You could argue that this is quite possibly due to these being professions which hold peoples’  very lives in their hands but you could just as easily extend the analogy to numerous other professional pursuits; law, teaching, even professional athletes. There’s just something a little bit different about writing code for a career.

No doubt part of the problem is that there are really no entry criteria to becoming a programmer. Sure, there are degrees and certifications but often times there is a large gap between formal academia and practical knowledge. I find it interesting that industries like construction or real estate require practitioners to be formally certified to the same base level as their peers (at least this is the case in Australia), but software development remains a very informal pursuit.

Is it any wonder, given the often casual career path of the software developer, that we now see such huge variances in software quality?

What exactly is “quality”?

I spend a lot of time with a pretty broad range of people in various places around the world delivering software. A constant challenge I have is in ensuring that “quality” is pervasive throughout the execution of software development. The air-quotes around quality are intentional as it is a terribly elusive attribute which is very difficult to consistently attain at a high standard.
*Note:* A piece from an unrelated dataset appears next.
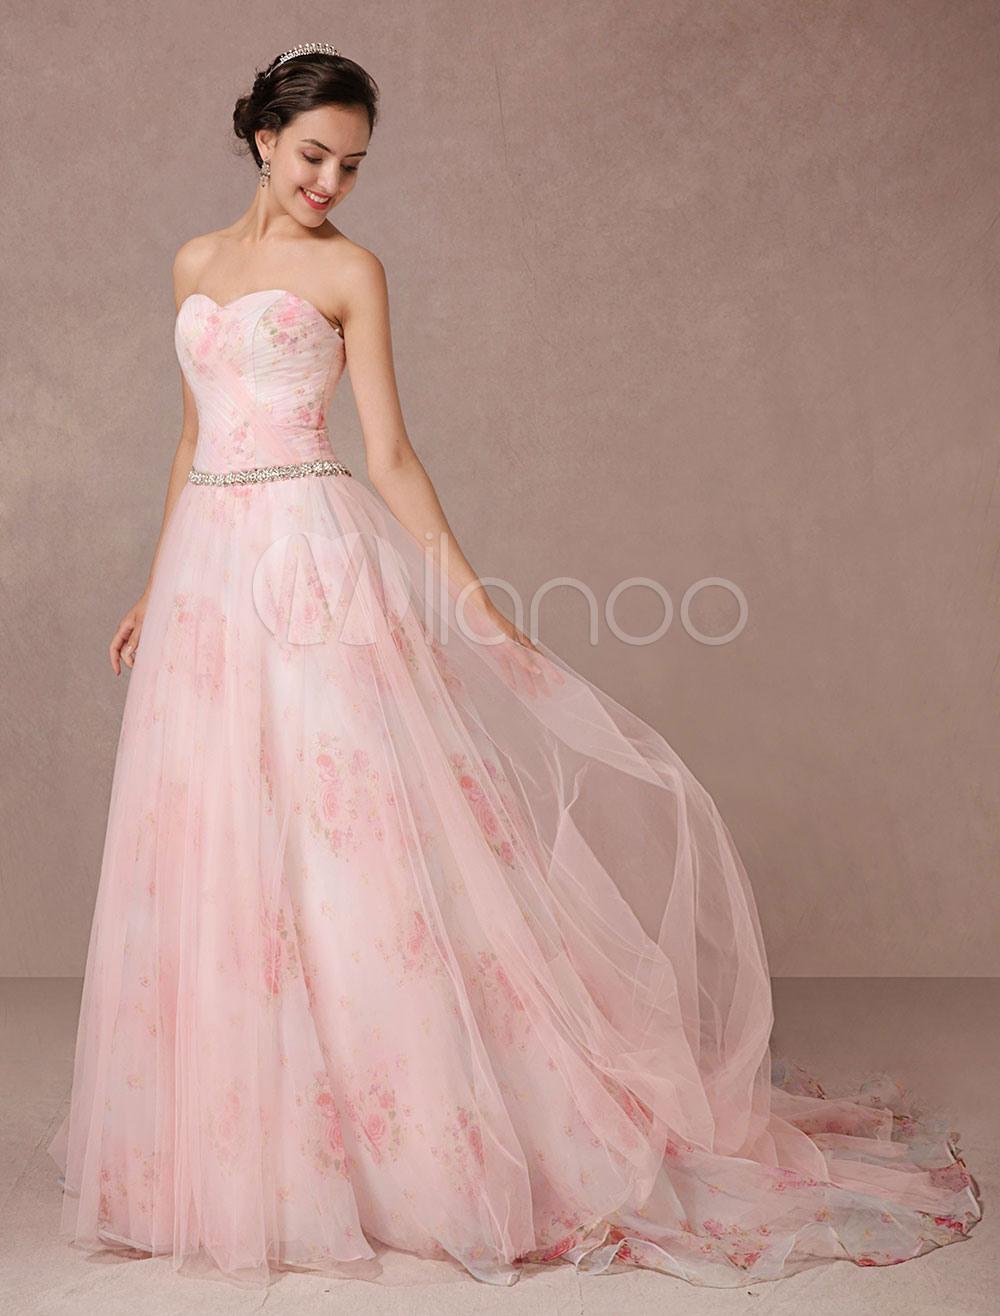 Kleider Für Hochzeitsgäste,,quinceanera Kleider, Kleider Für
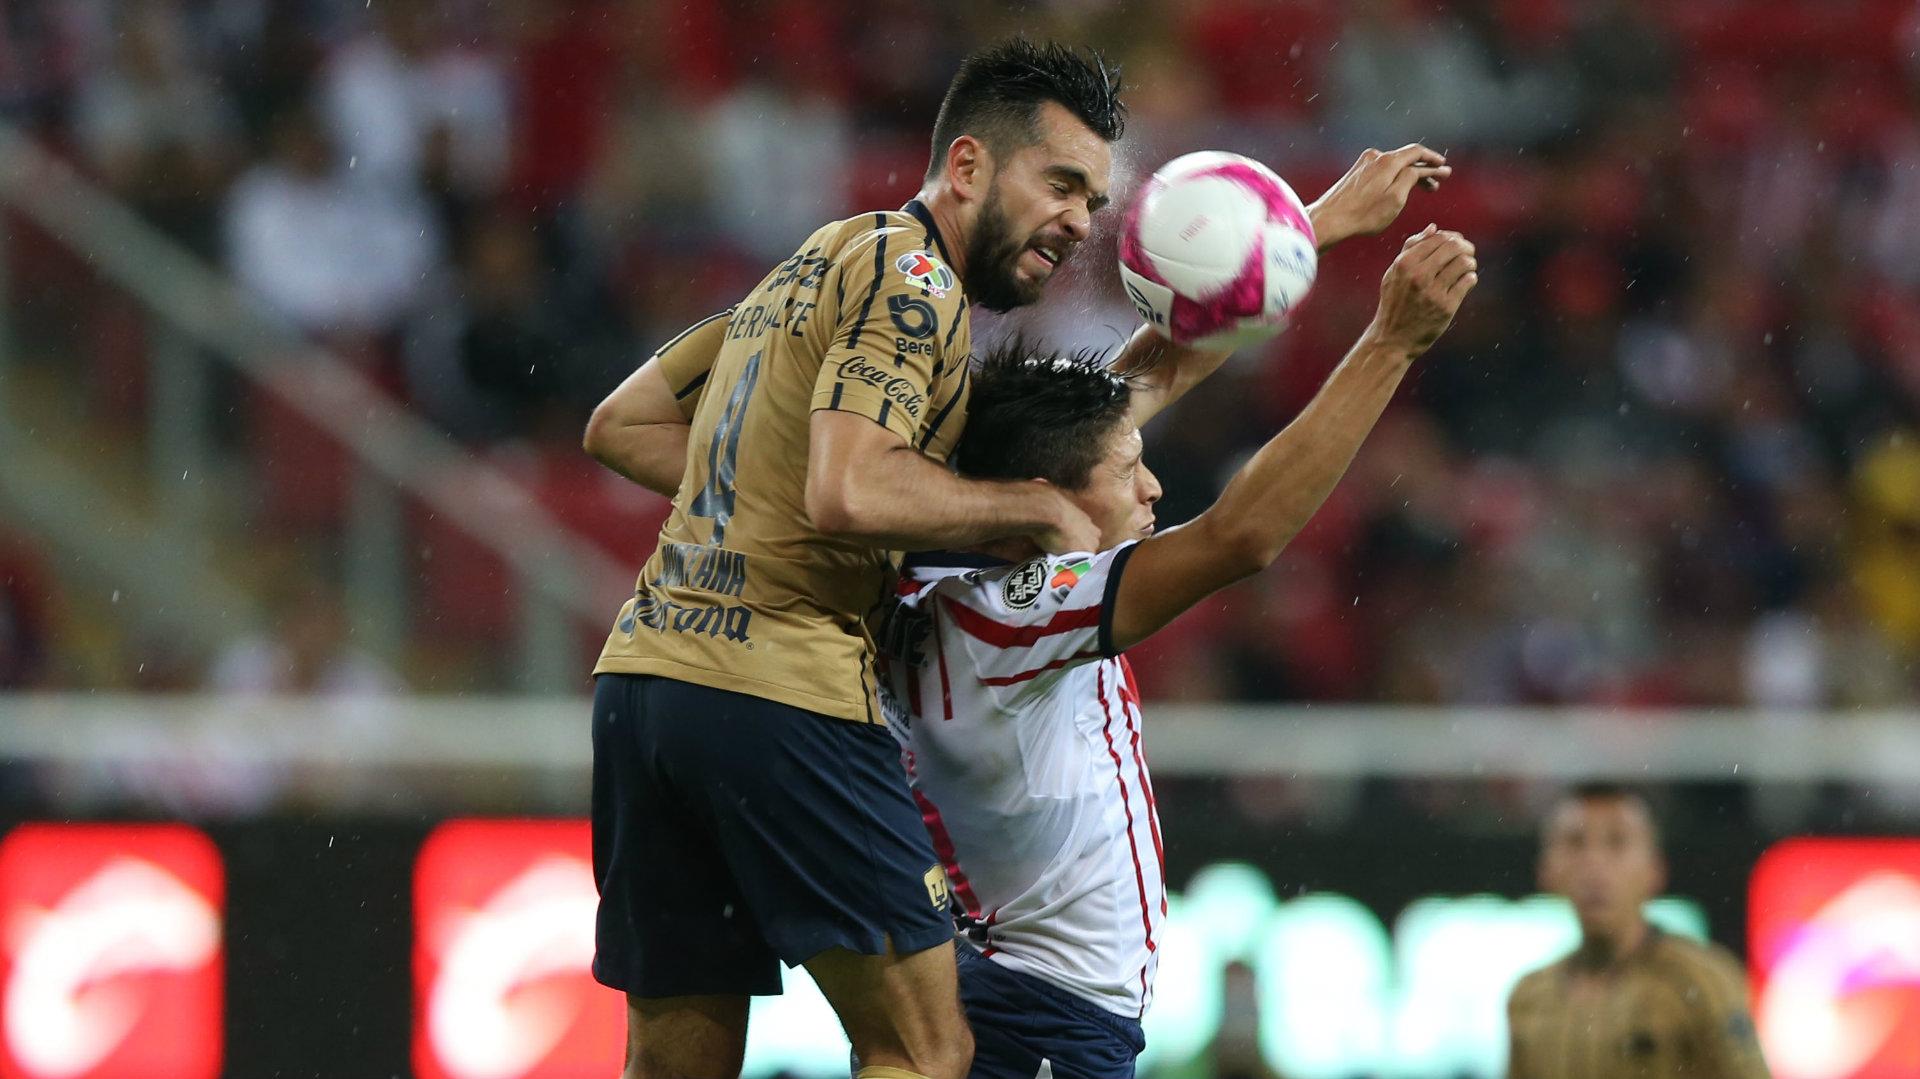 Luis Quintana José Godínez Pumas Chivas 081018

The first problem you have with quality is that it’s subjective. Ask a room full of skilled developers what level of code covered by automated test cases is acceptable and I assure you there will be more than one answer. It’s not that many of them are wrong; it’s simply that there are different schools of thought in terms of what’s practical.

The second problem is about measurement. Once you can actually agree on the practices which define quality you need a form of measurement in order to indicate the degree of compliance which has been achieved. We need quality measures.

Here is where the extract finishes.